Return the full listing character for character, without its pictures.

COLLECTED MATERIAL:
************
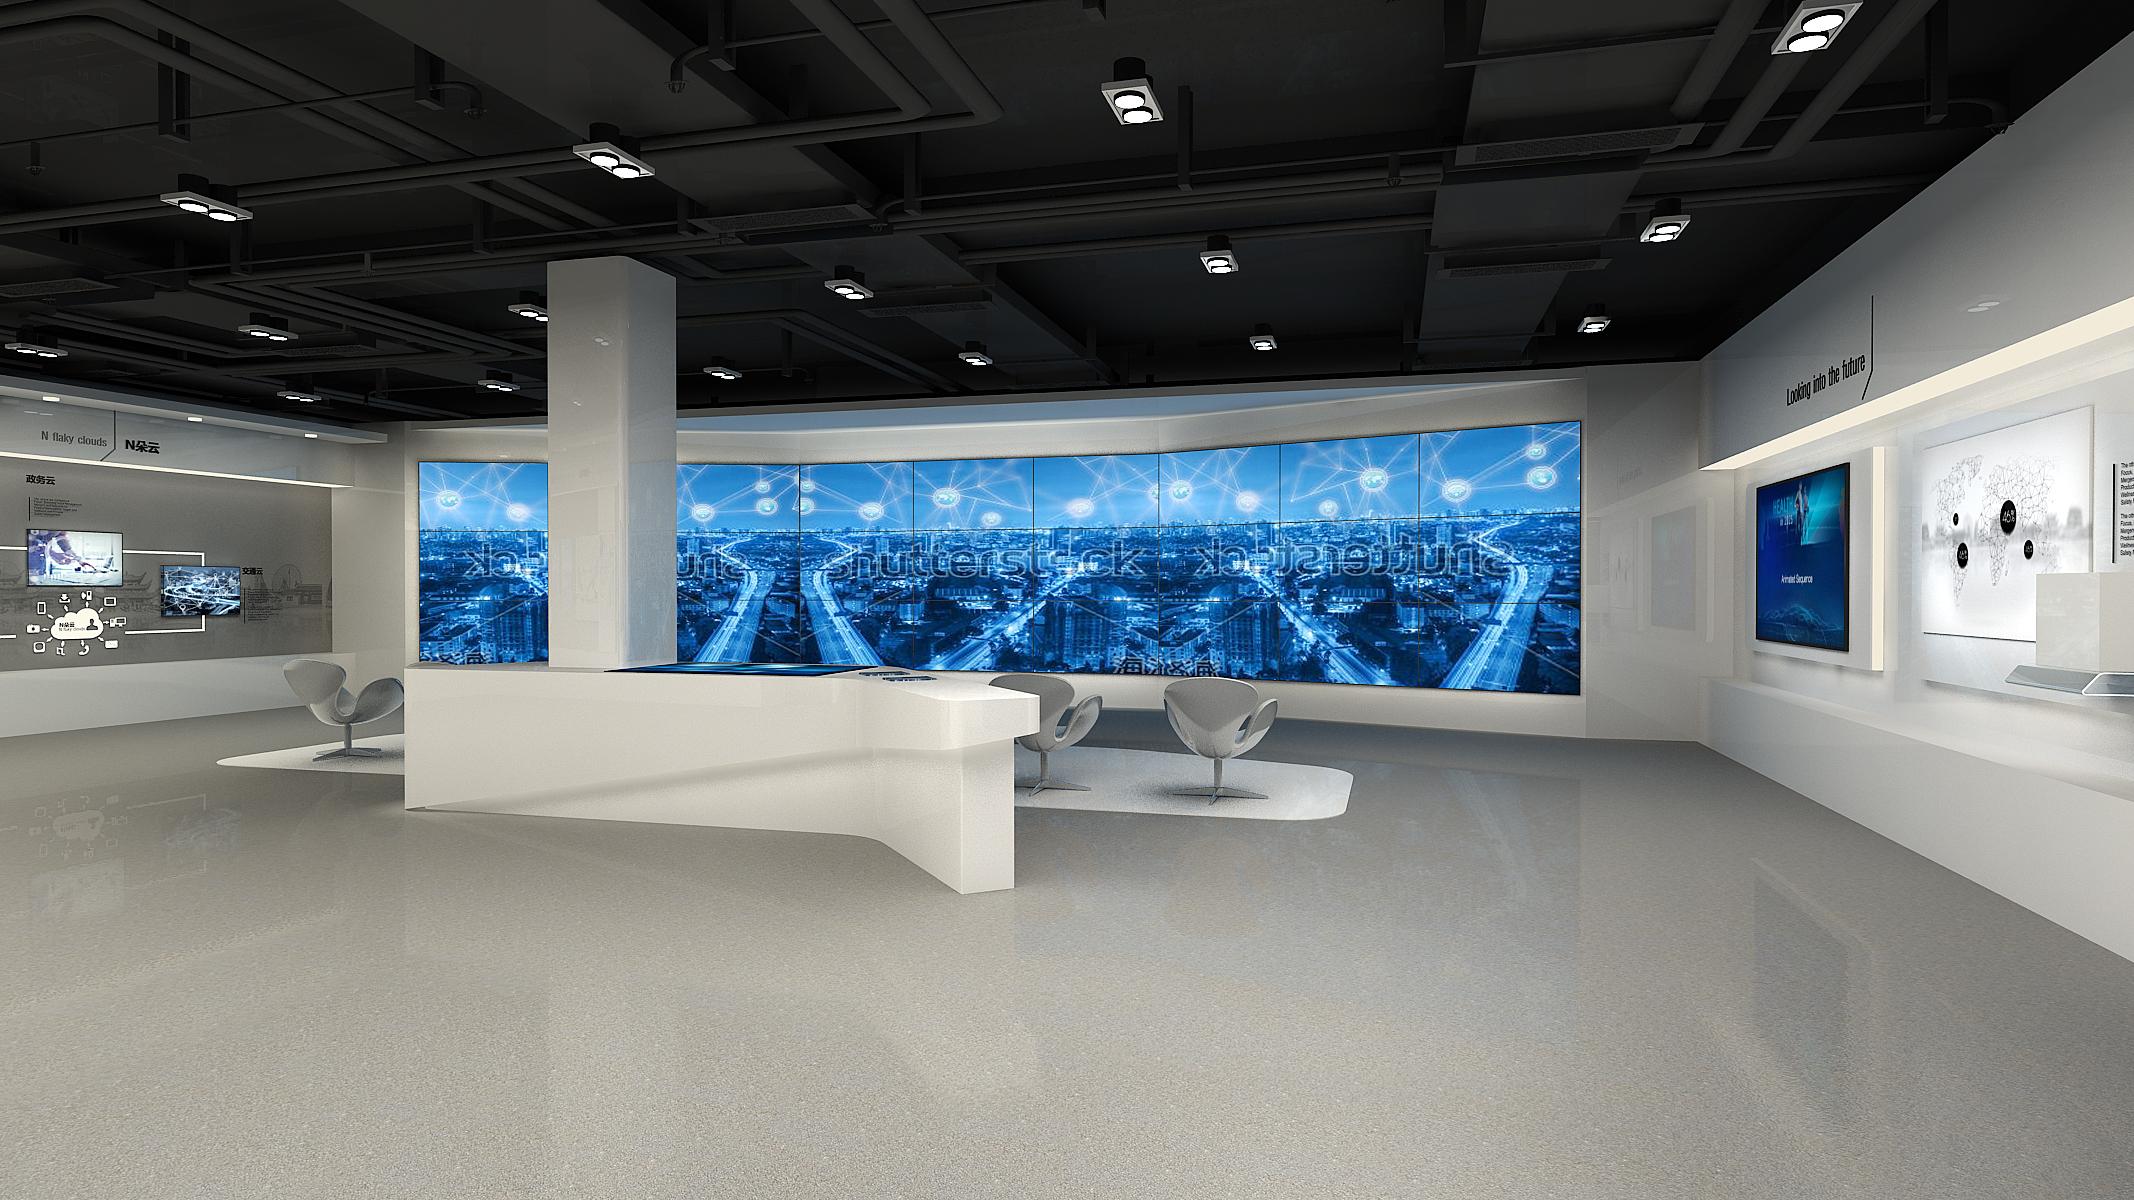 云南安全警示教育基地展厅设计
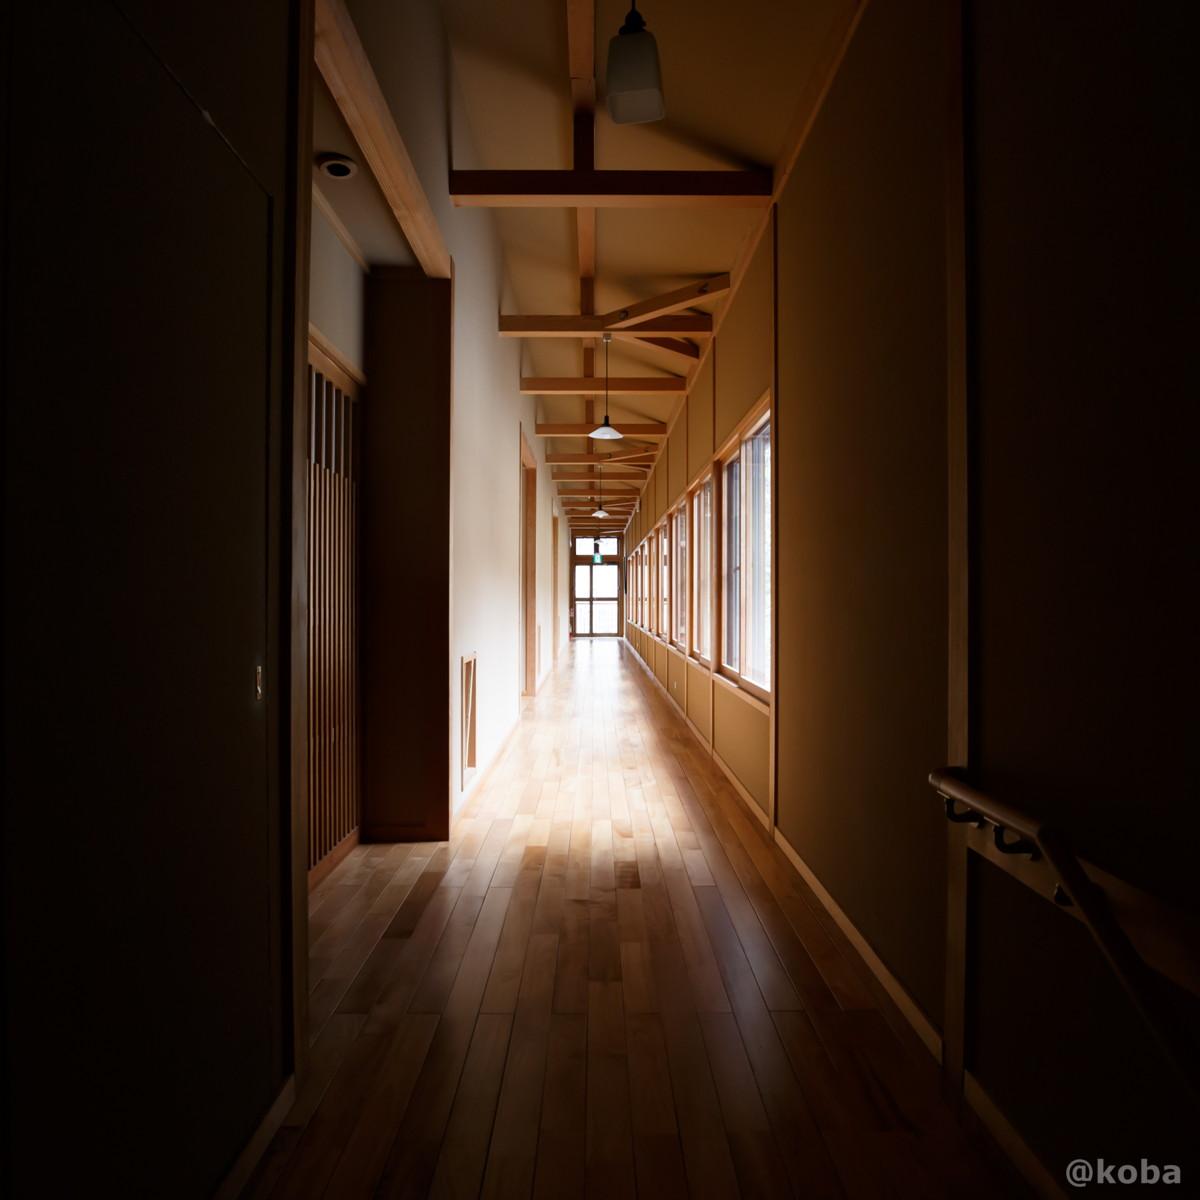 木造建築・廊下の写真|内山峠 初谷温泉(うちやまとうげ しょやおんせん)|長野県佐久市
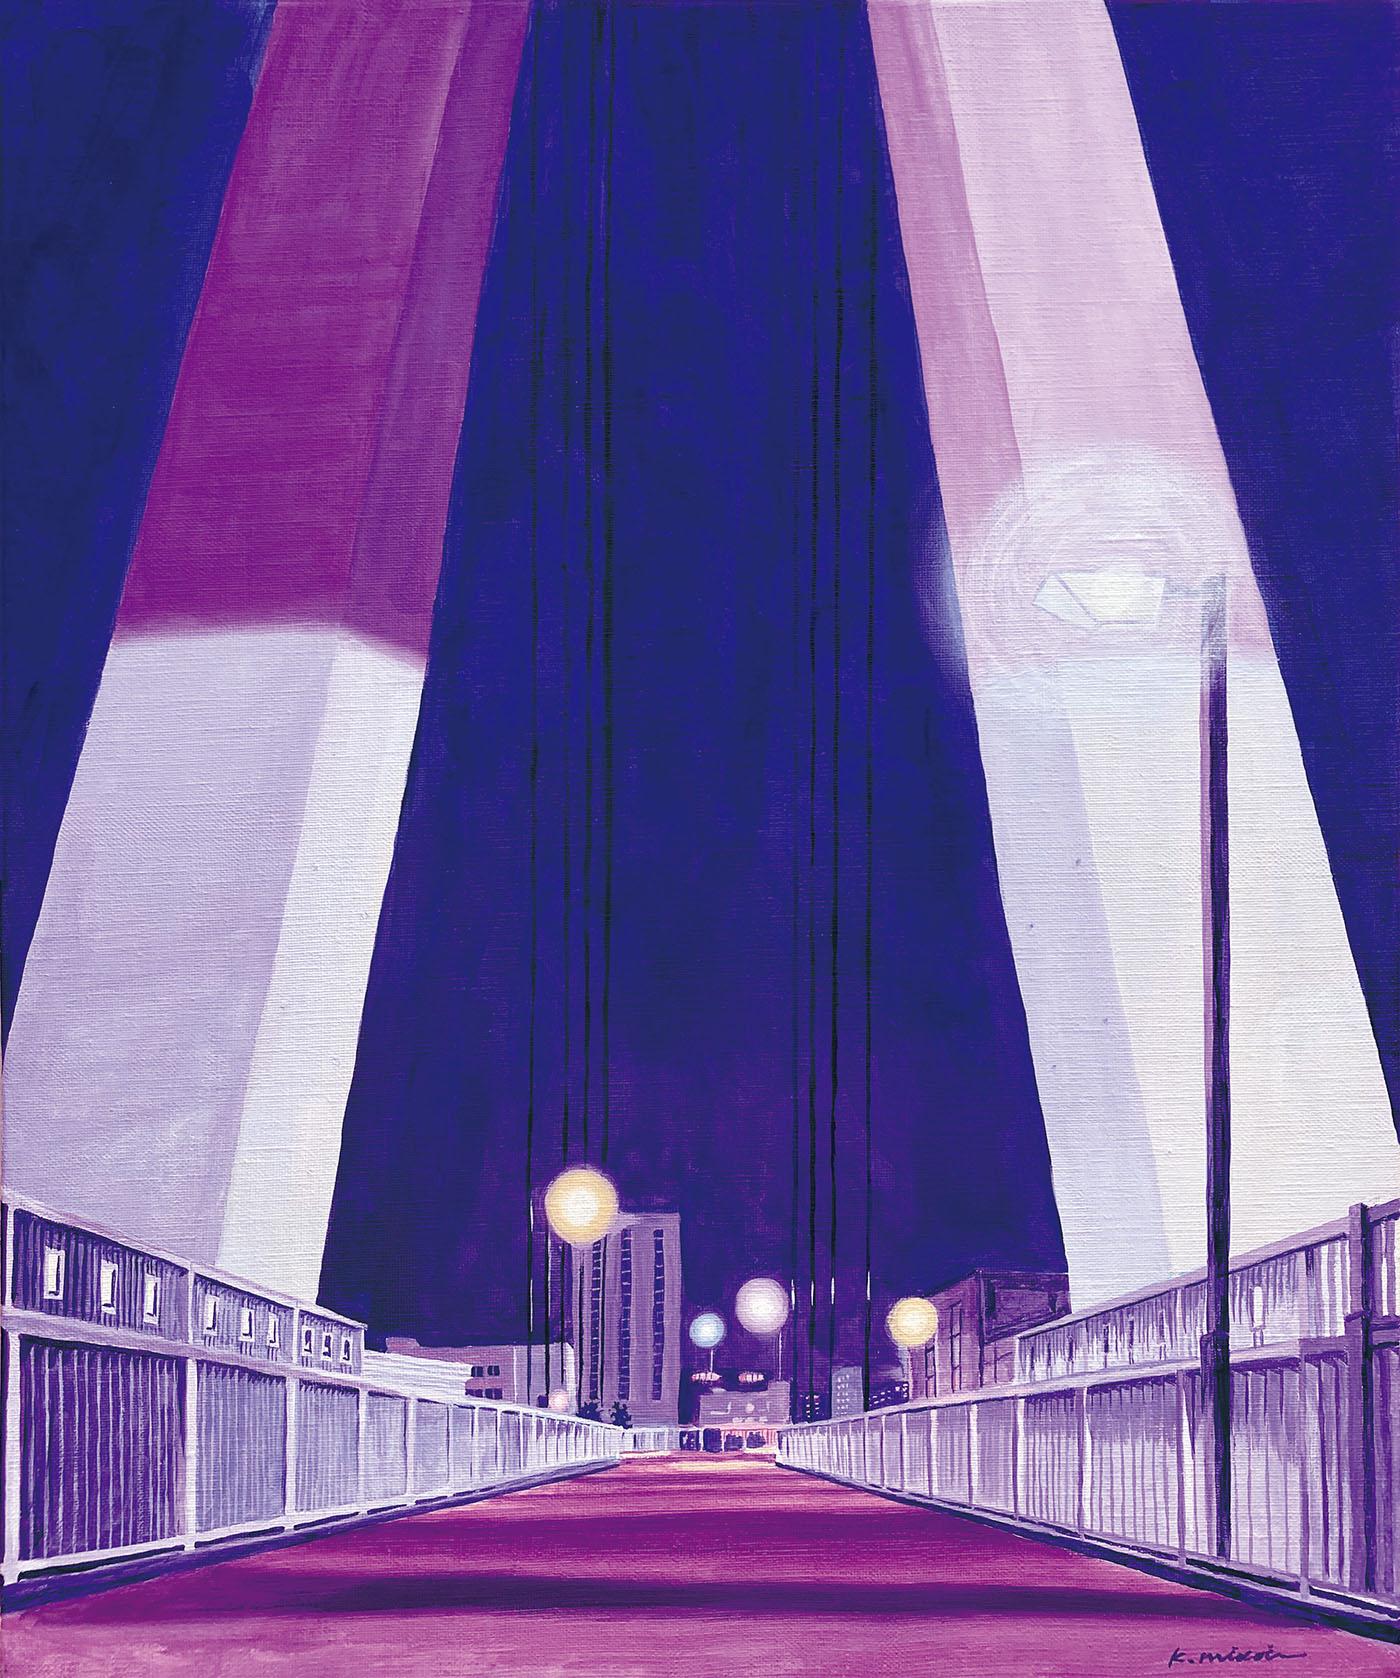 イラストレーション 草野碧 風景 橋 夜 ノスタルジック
************
OUTPUT OF THE TASK:
 云南安全警示教育基地展厅设计
 木造建築・廊下の写真|内山峠 初谷温泉(うちやまとうげ しょやおんせん)|長野県佐久市
 イラストレーション 草野碧 風景 橋 夜 ノスタルジック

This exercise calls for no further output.